> _WHAT IS NEEDED_
Images excepted, the data below must be repeated exactly.

> _DATASET CONTENT_
▬▬▬▬▬▬
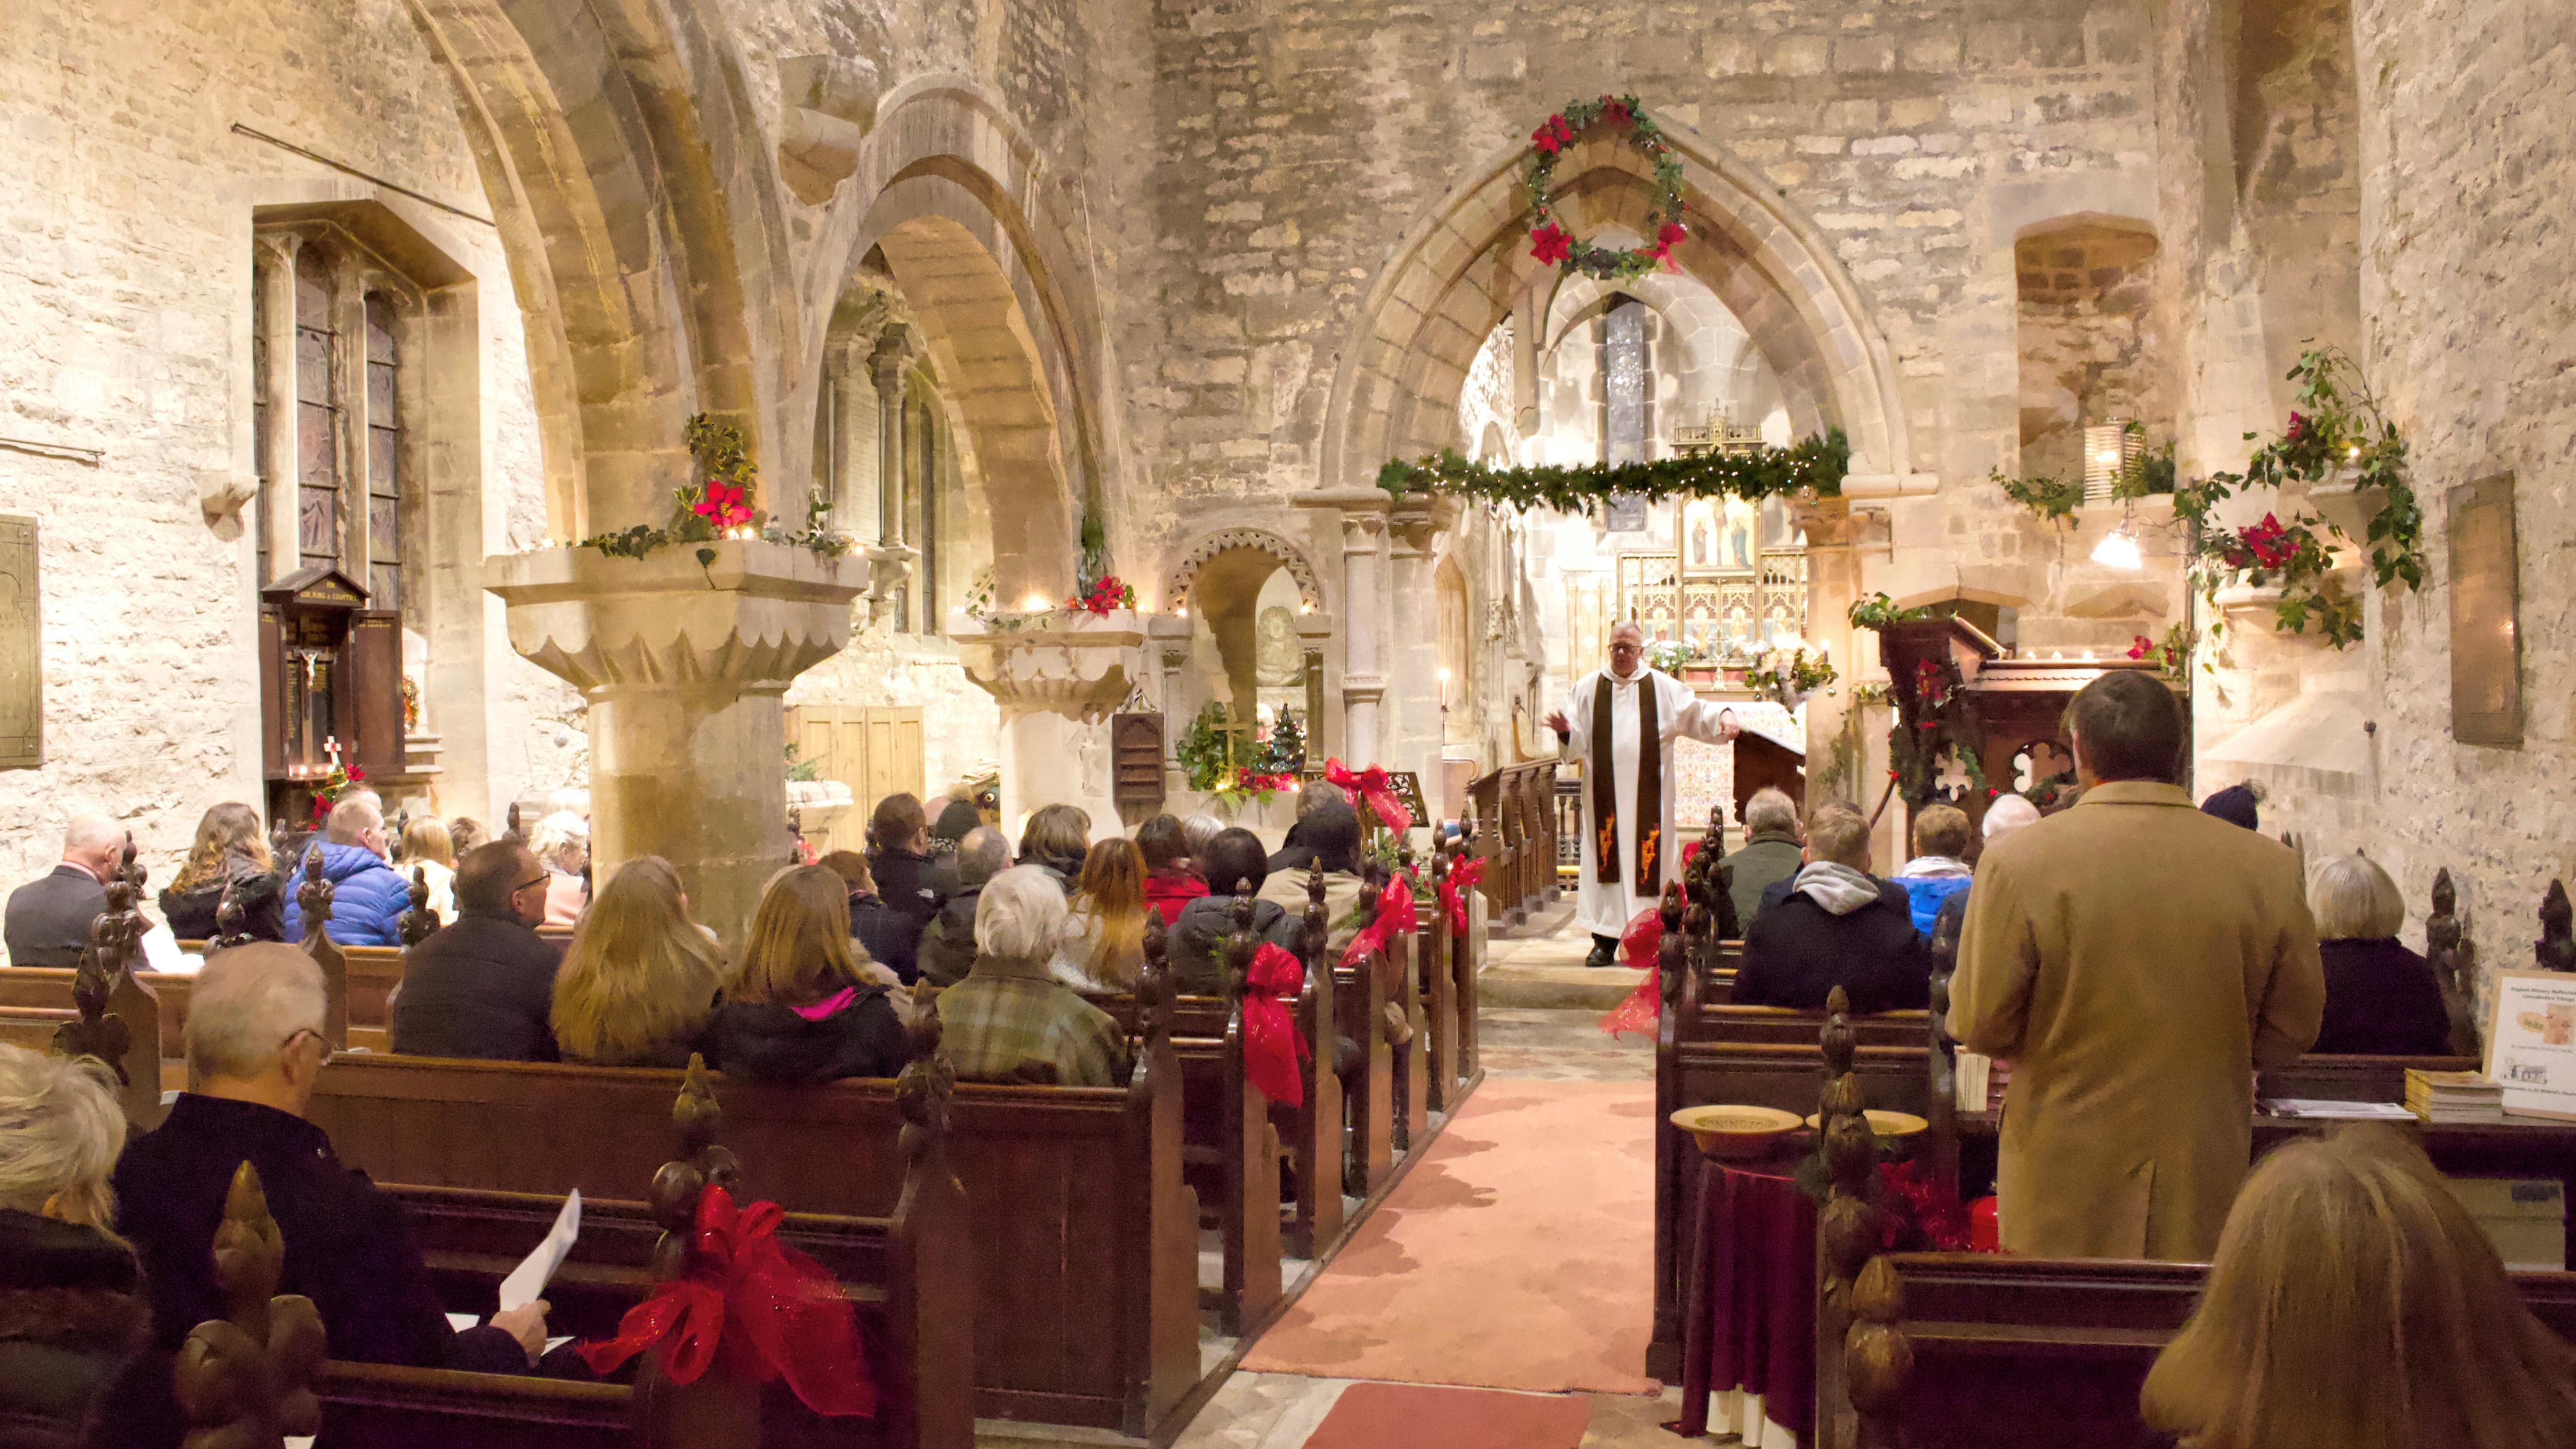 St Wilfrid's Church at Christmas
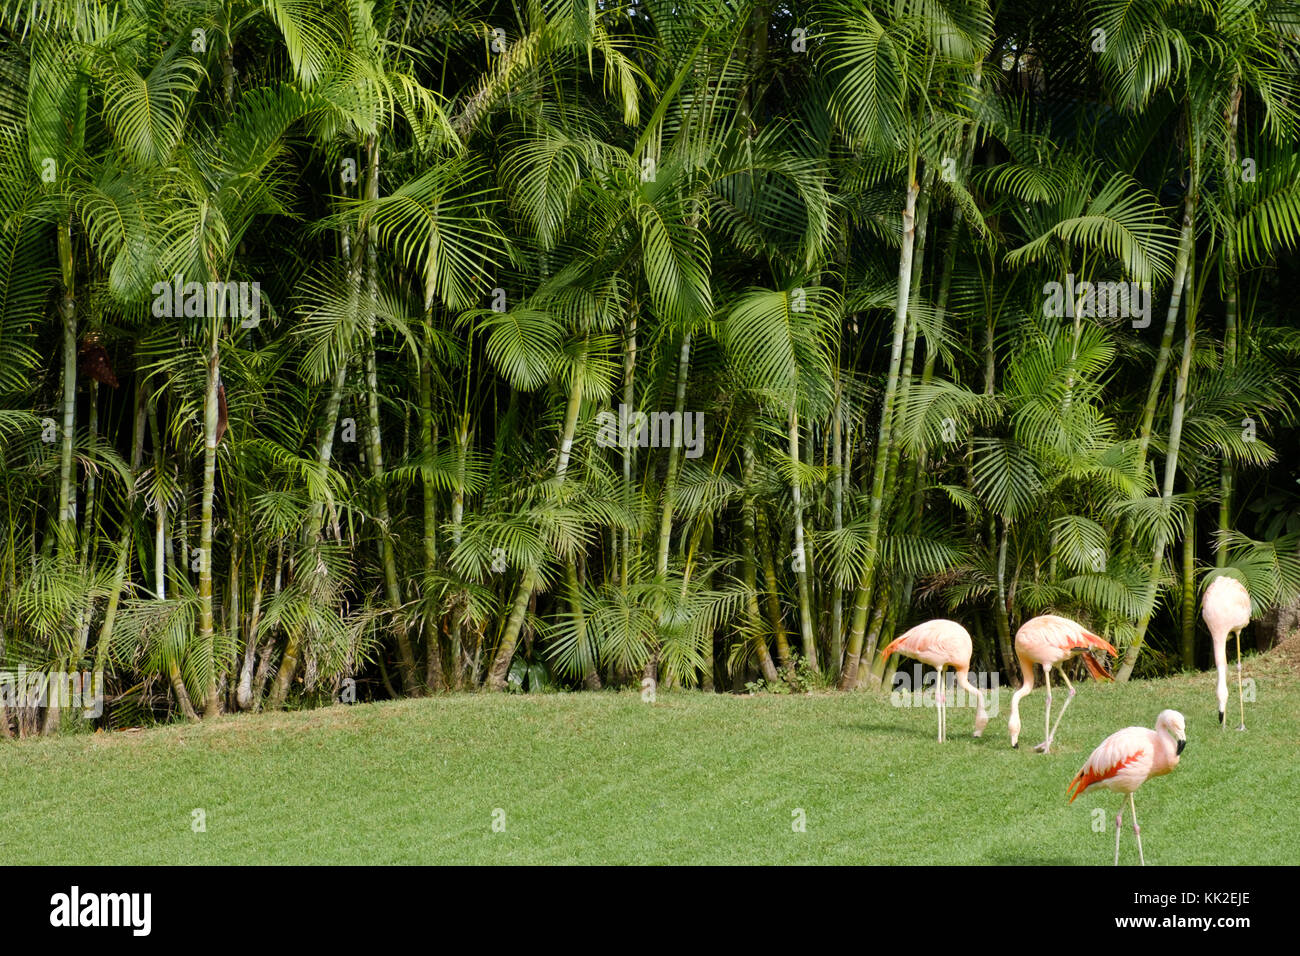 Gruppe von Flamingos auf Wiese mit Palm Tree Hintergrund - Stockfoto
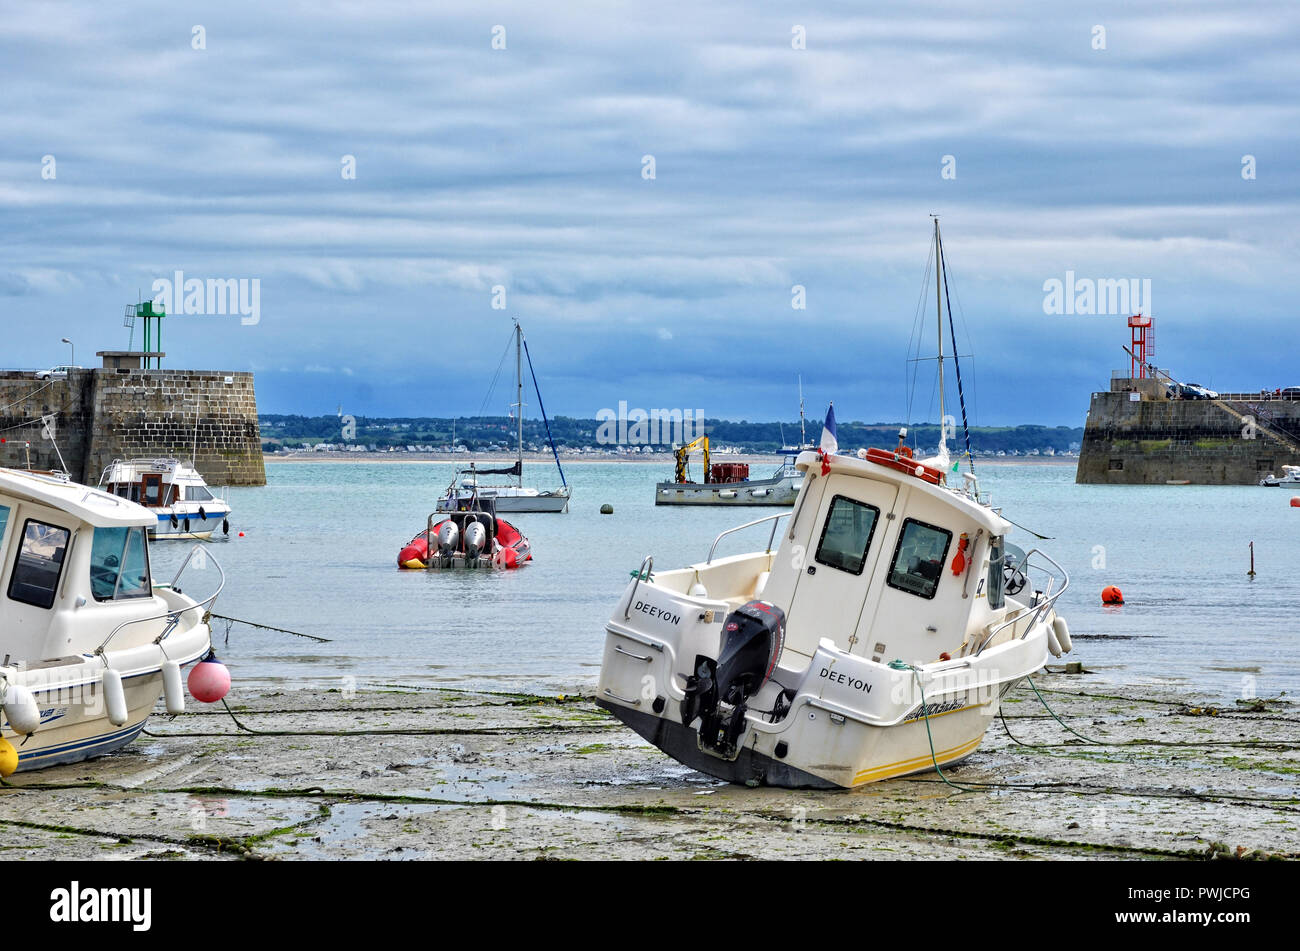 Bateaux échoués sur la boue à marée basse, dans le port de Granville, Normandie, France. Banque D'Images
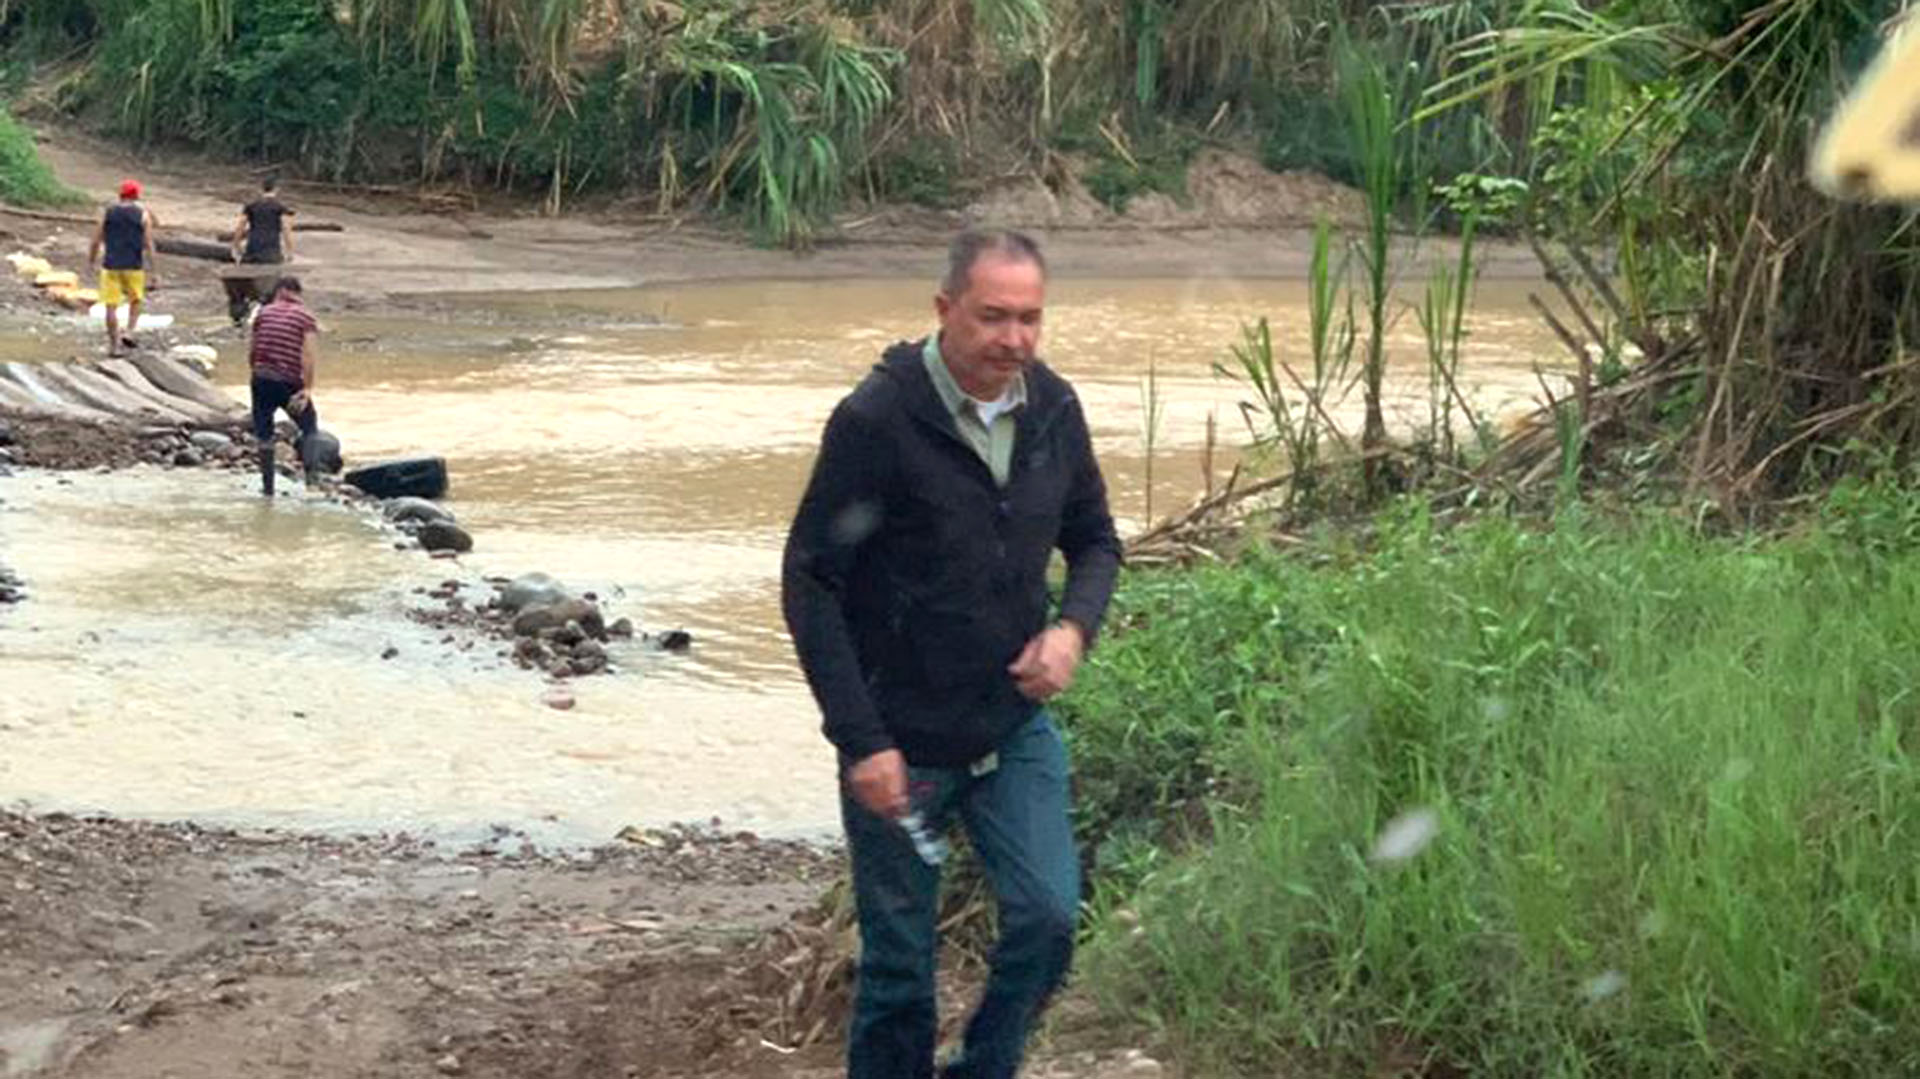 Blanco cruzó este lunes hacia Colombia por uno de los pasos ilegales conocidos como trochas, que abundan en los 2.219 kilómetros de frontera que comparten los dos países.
▬▬▬▬▬▬
> _RESULT_
 St Wilfrid's Church at Christmas
 Gruppe von Flamingos auf Wiese mit Palm Tree Hintergrund - Stockfoto
 Bateaux échoués sur la boue à marée basse, dans le port de Granville, Normandie, France. Banque D'Images
 Blanco cruzó este lunes hacia Colombia por uno de los pasos ilegales conocidos como trochas, que abundan en los 2.219 kilómetros de frontera que comparten los dos países.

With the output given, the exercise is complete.